Peter Lee sent in a comment and question regarding the last few blog entries, which I found so well expressed I asked for his permission to post it here. I will follow with my response to his closing questions tomorrow. Here is what he wrote me:
“I’ve also just begun my adventures on NWN [Neverwinter Nights] a couple of days ago, it is a remarkable game. :)
“However, I must admit that I am quite baffled in how you drew the parallel of such fantastic journey with our own.
“I find these games to be of such delight precisely because it is so different than how life really is. Such games always imply a positive experience, i.e. your progress is an absolute function of the additive. I currently don’t find life to adhere to the same formulae… although it is quite likely that you may disagree.
“For one, I have no idea what I’m living for. Well, that is not entirely correct. I do have ideas about what I’m living for, I just do not truly understand those very ideas. Not only that, I am not certain if I will ever fully understand those ideas, so my life’s quest always converges to a single idea: a quest for Truth.
“Living for Happiness, Love, Joy, Acceptance, Understanding, Freedom, Success, Wealth, Comfort, etc. ultimately falls back on what you consider those ideas to mean.
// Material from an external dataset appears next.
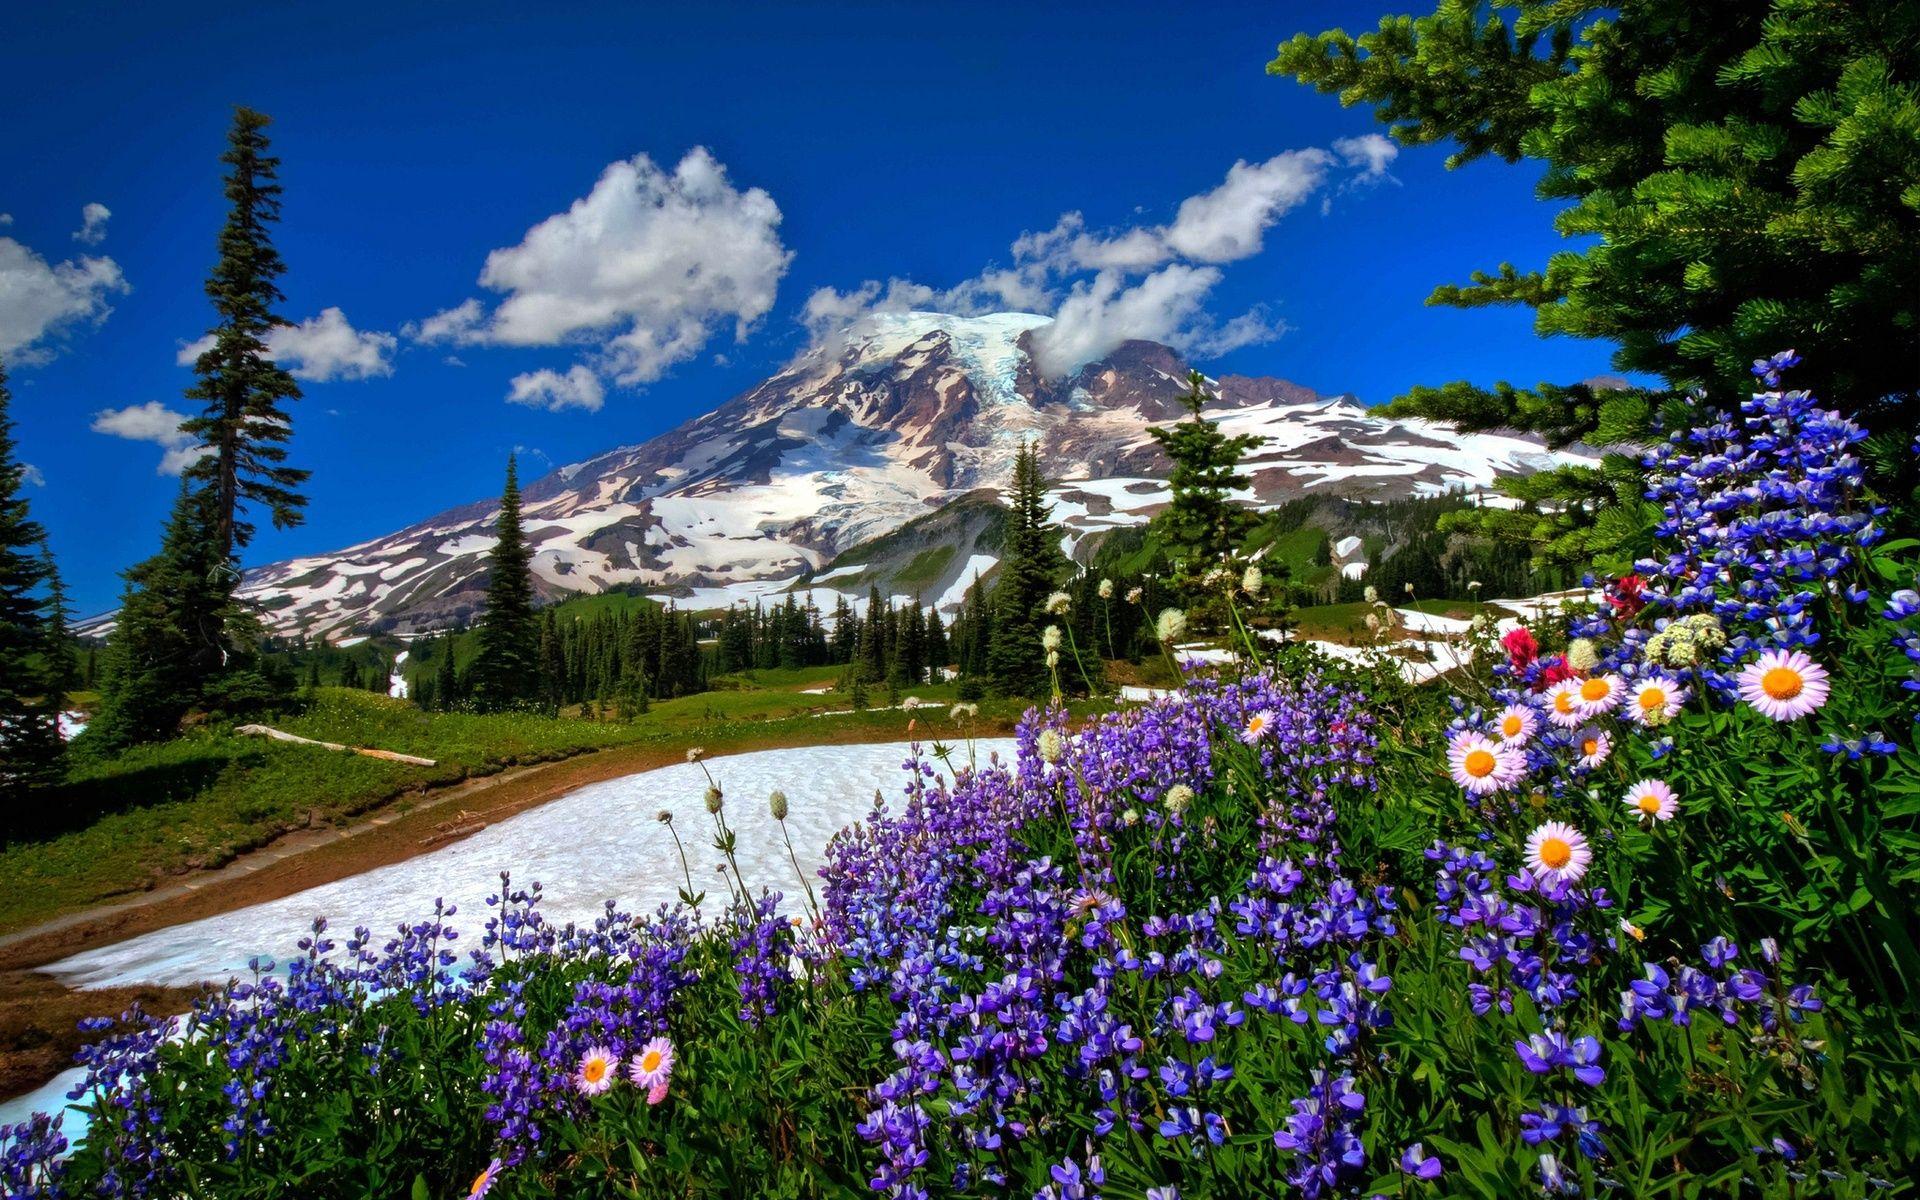 Spring Mountain Landscape Beautiful Landscapes Beautiful Nature Scenery

But what is Happiness? What is Love? How do you know if you are on the right track to attaining these ideals? How do you even know if your understanding of these ideals is satisfactory enough to lead you to better understanding, ultimately taking you on the right path for finding them? Even if you are not certain what it is that you seek, is it possible for you to have found it?
“Here you may entertain a concept of God. In His grace, you are exactly where you should be. In His wisdom, you substitute your ignorance with His guiding hand. In Him, you graft perfection into life. In Him, you find raazi.
“But doesn’t that mean there is no more quest for Truth? We have found it. Truth is divine, given by grace and guidance, in His mystery it is endowed, and in His humor it is made known. In prayers you express your intent, and in His intervention, you are given what you seek… even if you may or may not understand what you thought you were seeking has been made known to you because who truly understands the mind of God?
“This is the fork in the road that I have been staring at for some time now. In one, I seek God and re-engineer life to operate in the fantasy adventure world formulae, the absolute additive, always progressing forward, looking for my next sword, since in Faith I can rest in comfort that I will find it. I will seek Khidr, ultimately to wield my blade in absolute authority of the divine. In another, I seek what is Undefined, following a path with infinite sign-posts, accepting the unfortunate possibility that I will never find what I am looking for, and that I may never find my next sword. I will seek Moses, except bear my questions with unflinching conviction in the properness of its utterance.
“I must admit, this is not the first time I’ve been at this fork. I have once embraced Faith without question. But it is a hazardous and difficult path to follow. I have tasted of peace, but never free from the question of its origin. That I may have Faith in any of my own choosing to serve any of my own ideals has shattered my fantasy time and time again, throwing me back to my quest for Truth.
“I sometimes miss the innocence of my Faith, the comfort of completeness that it offers. Deep down, I feel a stirring whenever I entertain thoughts of His voice, bringing endowment of divine purpose and knowledge, to have Truth be made known and to call me forth from the multitude with a command marking me His… such fanciful dreams of empowerment and freedom! What wonder if my Faith was Truth! Yet I am continually repulsed by its premise, the self-evident nature of its dogma, that it grows with power in acceptance, not in questioning.
“John, how do you resolve your inner conflict of the meaning and the Truth of Faith? I’m simply referring to your act of Faith, not what that Faith is actually composed of. I understand the power and value that Faith itself can bring to a man, but what does it really mean beyond self-induced freedom from uncertainty?
“A world without God is a frightening and an unsettling place. Some may even call it”meaningless”. But as far as I can tell, it still is the same world. Only the lens of reflection has changed; of what I may see and find that Faith may have blinded is the current quest of my choosing.
“I wonder what will be my next sword?”